The key here is that Cresco is also set to turn the corner to recurring profitability. Relative to Wall Street's forward-year sales forecast, it's one of the top bargains in the high-growth cannabis space.

A pharmaceutical lab technician using a pipette to place liquid samples in test tubes.

Image source: Getty Images.


I'll say it again, in case you haven't been paying close attention: The perfect stocks to buy during a market crash are growth stocks operating in defensive industries or sectors. Since we don't get to control when we get sick or what ailment(s) we develop, it means healthcare stocks are a fantastic place to put your money to work. In particular, pharmaceutical stock AstraZeneca (AZN 1.52%) could be an exceptionally smart play.

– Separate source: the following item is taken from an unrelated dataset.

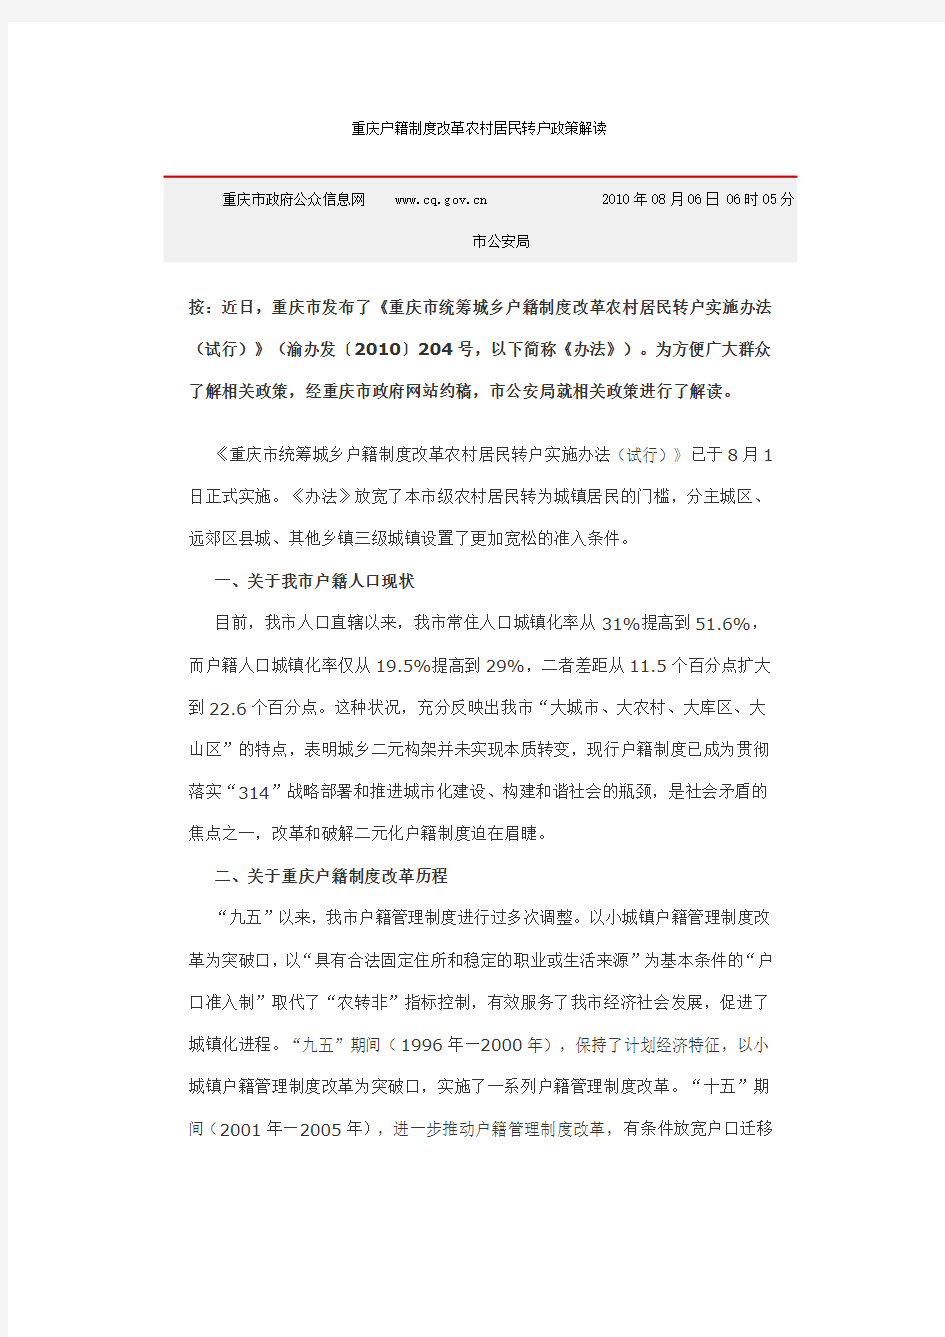 重庆市户籍制度改革转户政策解读

Following two decades of running in place, AstraZeneca's oncology program has the company running on all cylinders. Keeping in mind that last year was one of the most challenging on record for the U.S. economy, AstraZeneca grew sales for its cancer drugs by 24% on a constant-currency basis to $11.5 billion. All three of its blockbusters -- Tagrisso, Imfinzi, and Lynparza -- delivered constant-currency sales growth ranging from 36% to 49%. The strong pricing power associated with oncology drugs, coupled with longer duration of use and improved early cancer detection, should allow this segment to continue growing by a healthy percentage.

The company's cardiovascular (CV) segment also deserves a nod. Despite tamer constant-currency sales growth of 9% for CV in 2020, type 2 diabetes drug Farxiga keeps dazzling. Sales for Farxiga rose 30% last year to nearly $2 billion. With over 34 million diabetics in the U.S. and another 88 million people showing symptoms of pre-diabetes, Farxiga's ceiling could be a lot higher. 

Equally exciting is AstraZeneca's pending acquisition of Alexion Pharmaceuticals (ALXN), which develops therapies that treat ultra-rare diseases. Though developing drugs for very small patient pools can be risky, the company is rewarded with limited or nonexistent competition when successful, and it often faces little pushback on its list prices from health insurers.

Just as important, Alexion took the time to develop a replacement for its blockbuster drug Soliris, which some analysts have speculated could face competition once its exclusivity expires. This next-generation replacement, known as Ultomiris, is administered every eight weeks, as opposed to every two weeks with Soliris. Not only does this improve the quality of life for patients, but it'll also help to preserve Alexion's cash flow (soon to be AstraZeneca's cash flow) for at least the next decade.